Announcement of C. Sutton's Summer Course for 2005
STAT 789
Advanced Topics in Statistics: Computer-intensive Methods for Classification and Regression
- Time
- The class will meet 7:20-10:00 PM on Tuesdays and Thursdays, starting June 7 and ending with the final exam on
July 28. (Note: The printed schedule of classes incorrectly has the class starting at 7:10 PM.)
Because I do not wish to deal with Incompletes, it is important that students will be able to complete the work for
the course within the official time period.
- Prerequisite
- Permission of instructor, but essentially STAT 652 or STAT 656
(It would be great if students had graduate-level coursework in statistical inference,
regression, categorical data analysis, and multivariate statistics, but it is unreasonable for me to expect to fill
up a summer session class if I require all of this. But since the material covered by the course is rather advanced,
students should have taken at least one of STAT 652 and STAT 656, or else have sufficient
prior experience with modern methods
of regression, classification, machine learning, data mining, etc.)
People wishing to register for the course will have to obtain a permission slip from me and then register in person.
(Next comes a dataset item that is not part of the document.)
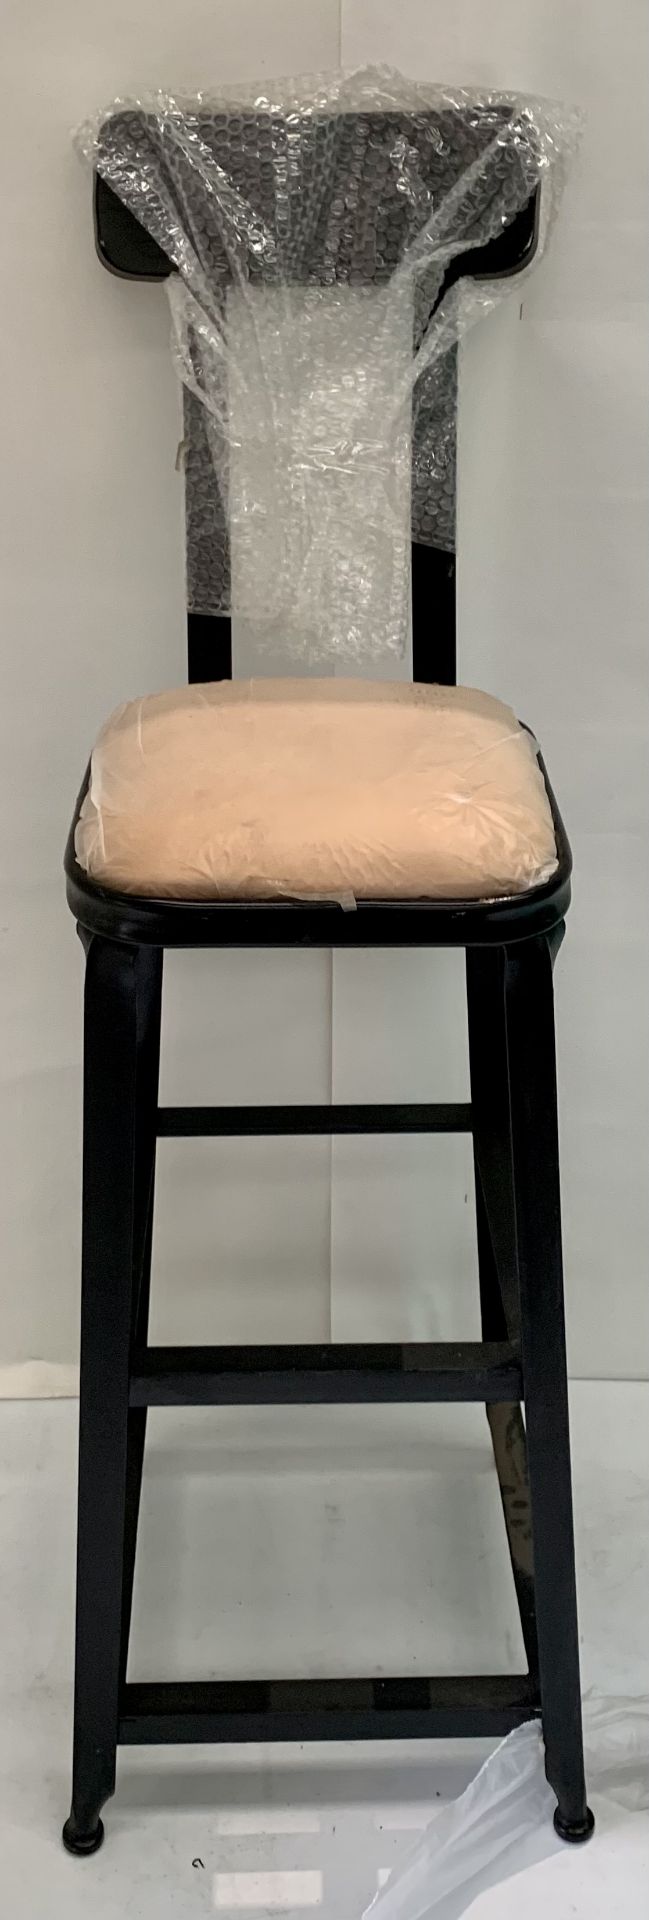 1 x black metal framed high stool with leather seat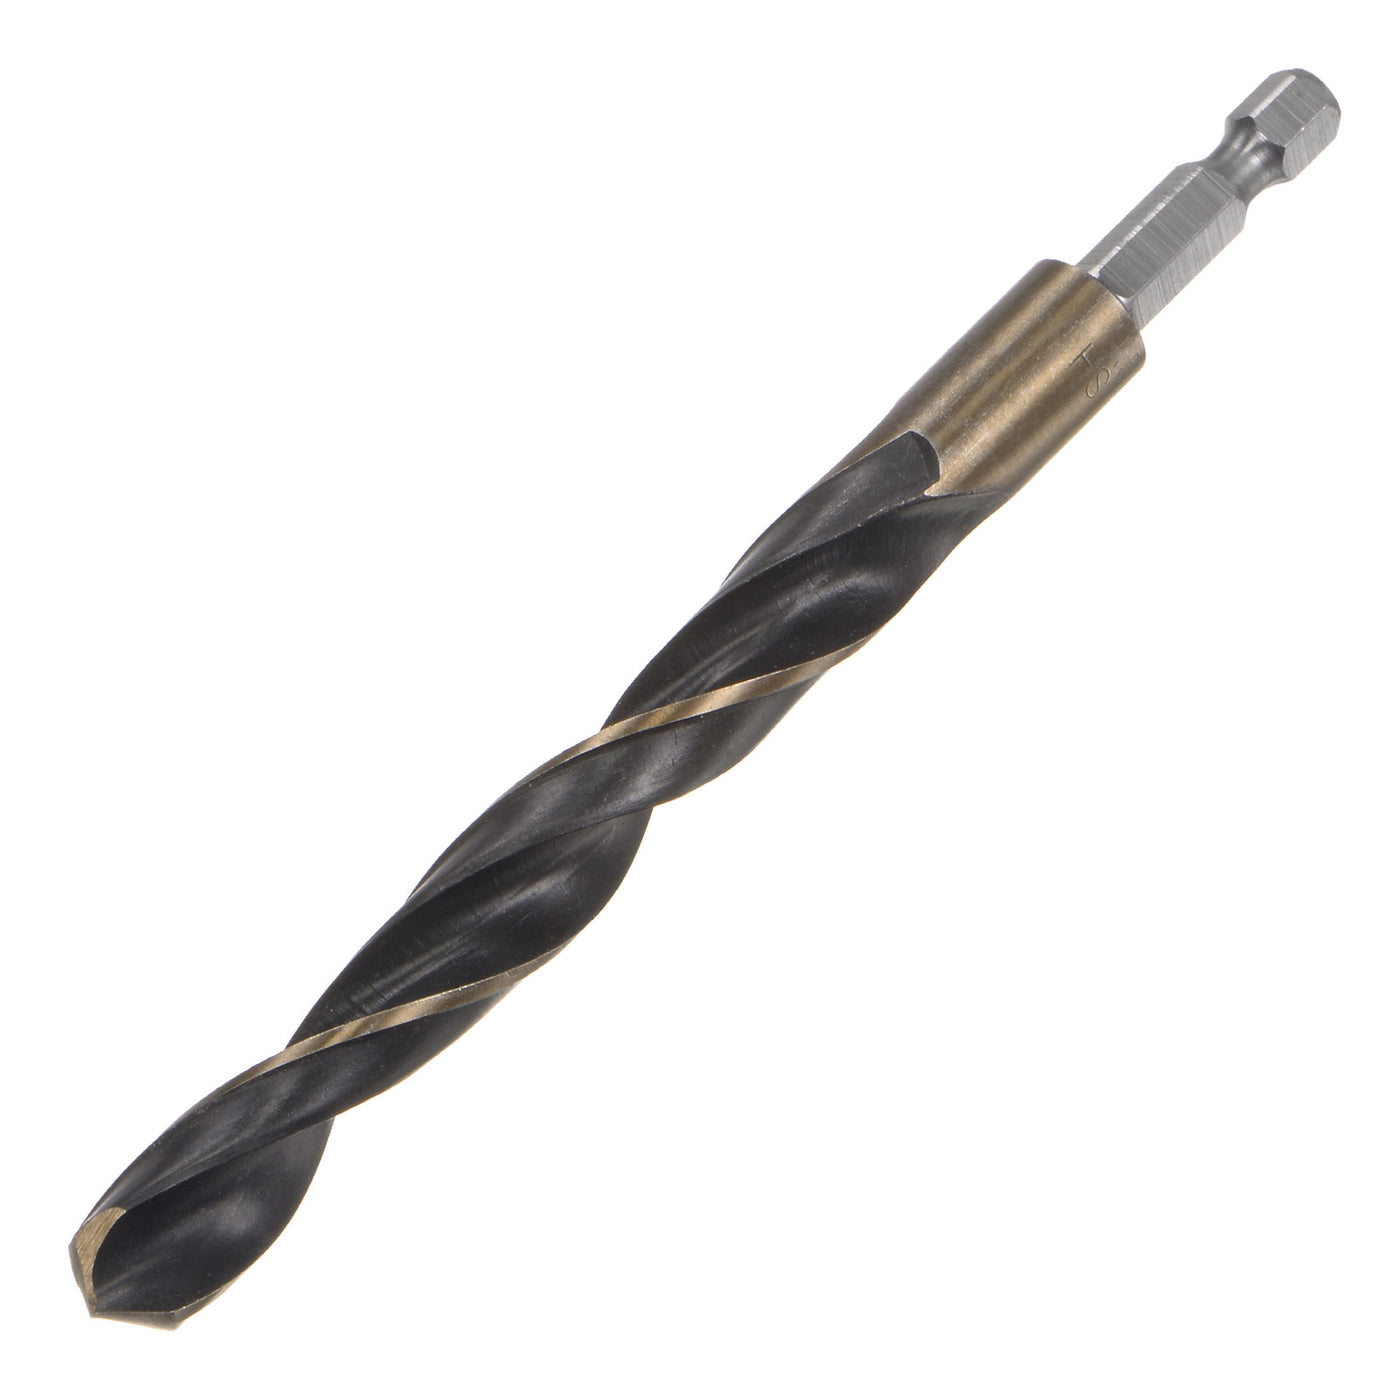 uxcell Uxcell 11.5mm High Speed Steel Twist Drill Bit with Hex Shank 140mm Length

Due to the fact that students will present their projects during the last two class meetings prior to the final exam,
the class size is capped at 20 in order to keep the number of presentations manageable.
- Description
- This course will cover many methods of classification and regression; most of them being somewhat modern
computer-intensive methods, but a few classical methods will be covered as well. An emphasis will be placed on the
methods implemented by
Salford Systems with their CART, MARS, TreeNet, and RandomForests
software.
(Note: Students will be able to download, at no charge,
90 day trial versions of this software once I send Salford-Systems a class
list. (Please wait until I announce that you should download the software before attempting to do so.) We will also
use
Weka and
R, both of which can be downloaded for free.)
Lectures will be based on part of the material covered by the book
The Elements of Statistical Learning: Data Mining, Inference, and Prediction by Hastie, Tibshirani, and
Friedman, but other sources of material will be used, e.g., the book
Classification and Regression Trees by Breiman, Friedman, Olshen, and Stone,
a book chapter on Clasification and Regression Trees, Bagging, and Boosting which I wrote, and some journal
articles. A preliminary list (subject to change) of topics to be covered is given below.
- introduction to prediction and modeling in classification and regression settings --- comparing model-based methods to
locally-adaptive methods
- linear methods for regression, and regression modeling strategies
- linear methods for classification (including linear discriminant analysis and logistic regression)
- tree-based methods for classification and regression (CART)
- basis expansions, splines (linear splines, cubic splines, and MARS), and regularization
- kernel methods (local regression, density estimation and mixture models for classification, naive Bayes
classifiers)
- model assessment and selection (cross-validation, bootstrap methods, and other ways of evaluating model
complexity and prediction accuracy)
- perturb and combine methods and ensemble classifiers (bagging, boosting, arcing, and random forests),
forward stagewise additive modeling (TreeNet)
- neural networks, support vector machines, and prototype methods
- Grading
- I may tweak this slightly prior to the start of the class, but currently I plan to give equal weight to each of
the following:
- best 10 of 12 short quizzes
and class participation,
- presentation of project (oral and written),
- final exam.
Unlike other courses I teach where I only give about 40-50% of the class grades of A- and A, for this summer
course I may give an appreciably higher proportion of good grades if the performance of the class is decent. There
may be some students taking the class who enter it with a rather extensive background in some of the methods covered,
and if so, I will keep that in mind when assigning grades and make it so that hard-working students entering the
class with the minimum prerequisite have a decent chance to earn a good grade. The grading system I am using differs
from my usual system of giving 50% weight each to homework and a final exam. Because of the quizzes and class
participation, attendence will be important.
(Note: I will assign homework exercises, and we can discuss them in class, but I won't have students hand them
in for grading.)